At the time of this writing (late 2024) I would contend that bioinformatics is in an incredibly brutal job market, and the value of the Ph. D. doesn’t quite hold the same weight that it might have prior to the COVID pandemic (speaking anecdotally here from my own experience, but speaking with friends and peers, it was not a fun job search, period). For my own job search, I realized something quite jarring, albeit understandable - that the work I was doing in my Ph. D. was not preparing me for a career in industry, as much as I thought I was making myself think it was. That’s why more than ever, being able to take a proactive role in your bioinformatic training is almost a necessity.
So what does this look like? It starts with a bit of honesty for yourself and self-reflection. For a few of my colleagues, it is the realization that academia, as it is structured right now, is not the place for some. I won’t spend too much time on the nuances of this, but essentially I would suggest to know beforehand what you ultimately want prior to plunging into the field so that you can design your training plan around your ultimate goal.

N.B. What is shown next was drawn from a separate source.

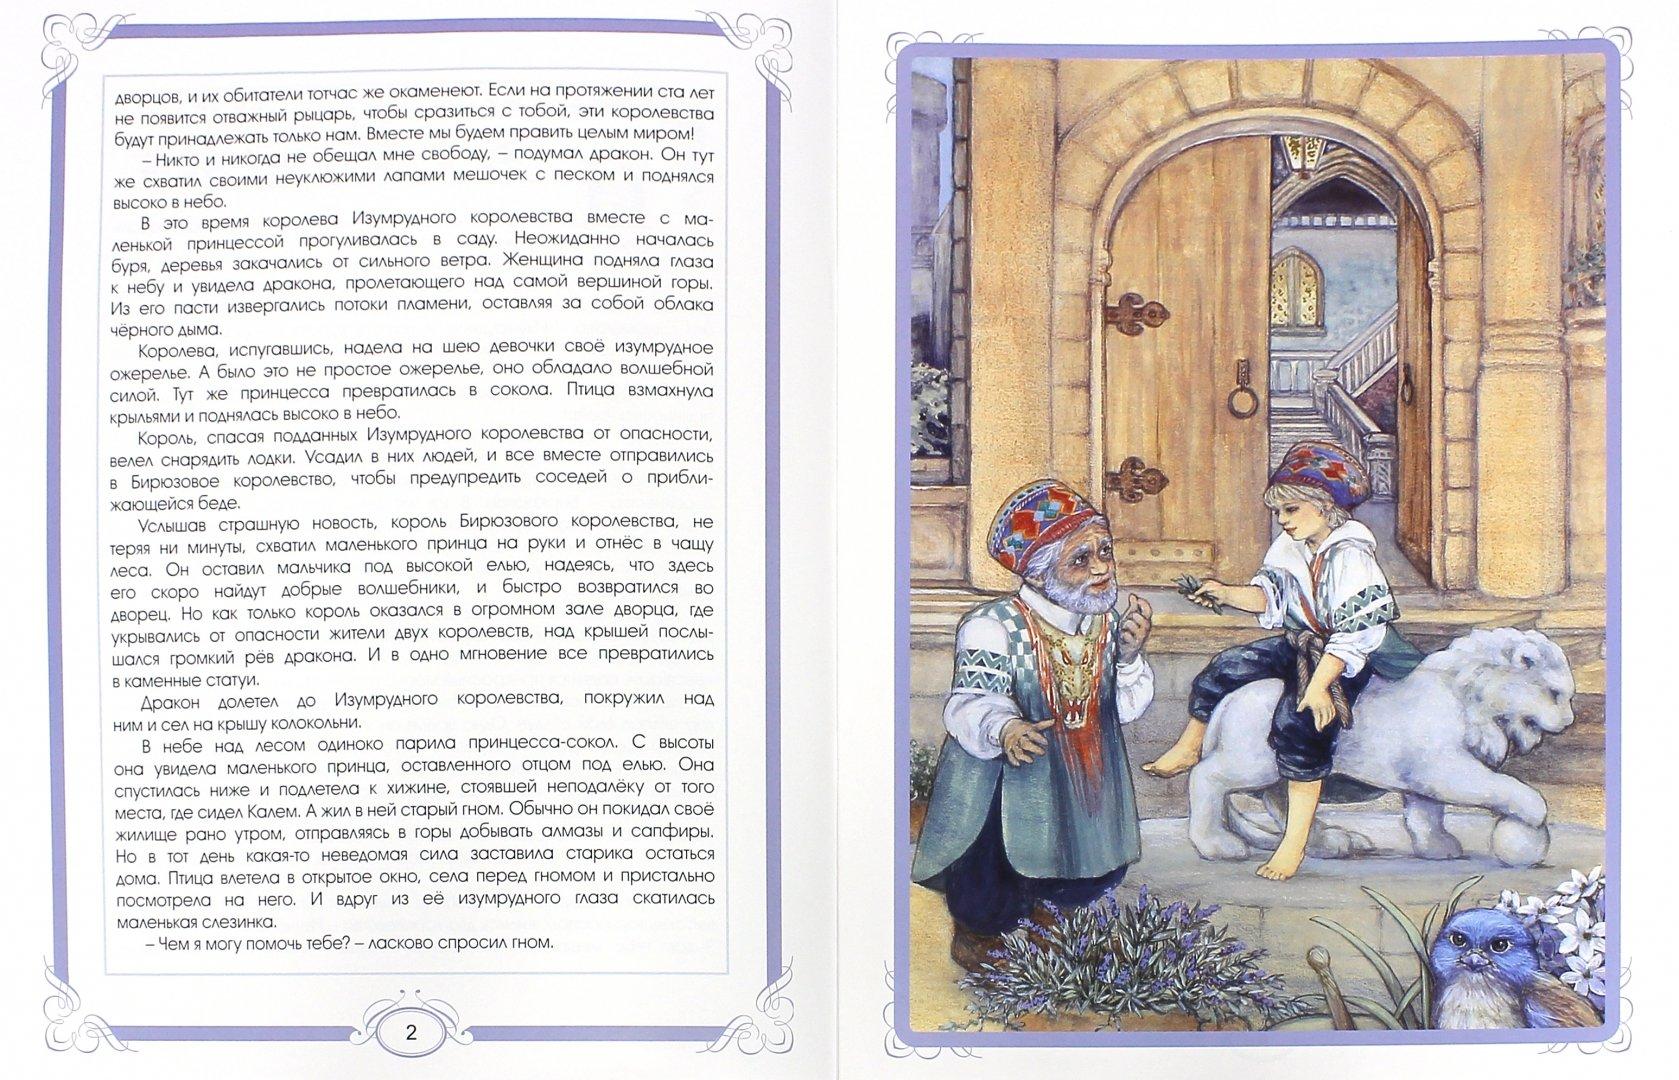 Иллюстрация 1 из 22 для Сказка о рыцаре и заколдованной принцессе | Лабиринт - книги. Источник: Лабиринт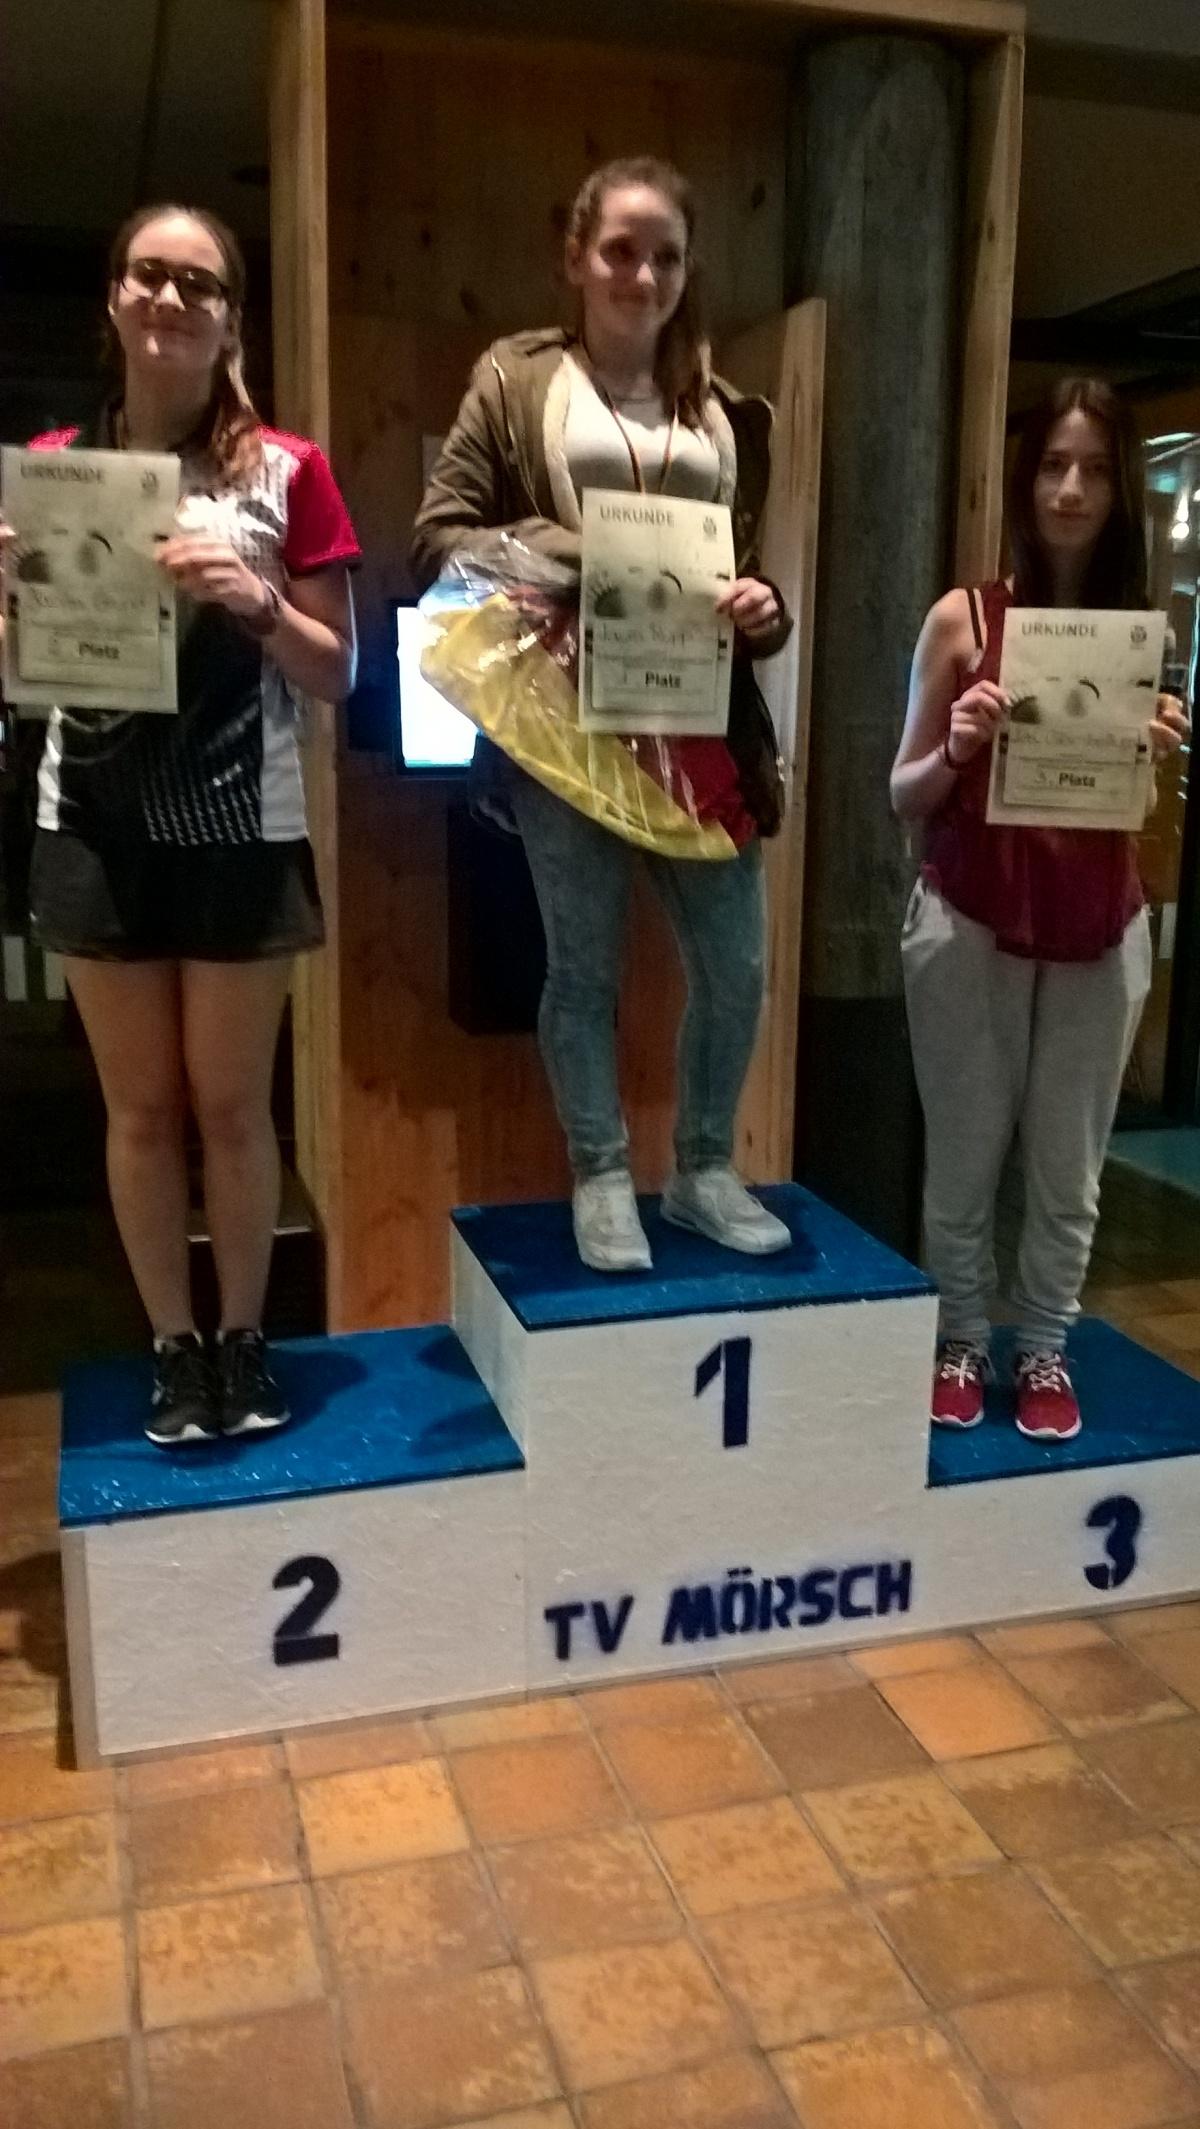 3. Reg-RLT Saison 2016/17

Take for example someone that is interested in working on the latest and greatest for AlphaFold. One can imagine planning their training around schools and programs that have a strong Biophysics component, or leading researchers that merge Artificial Intelligence and protein simulation. Otherwise, many would just pick a local or convenient program, and as you may or may not know, bioinformatics is not built the same at many institutions. So I really implore the uninitiated to consider for a bit what you want from the field and what type of career you want to curate for yourself.
Final Remarks
Wow, look at us. We really made some progress towards understanding what it means to be a bioinformatician and how to dive deeper in the field. Truly, I wasn’t thinking that I’d type this much on the subject, but it turns out that I am pretty opinionated (who would have thought?!).
Regardless of why you are asking the question, if no one has matched your interest and enthusiasm about learning about the field, then all I have to say is welcome! It’s not entirely straightforward and sometimes makes you want to throw your keyboard - but it’s the field I love. I’m glad you want to explore it, too.
Continuously dividing,
N.L.


The dive into algorithms and the biological aspects of evolution was wholly necessary. I've learned something new from that and the entirety of this post. Also, it's my first time hearing about Carl Woese. I'll check out his work since I'm currently working on clustering 16s rRNA sequences.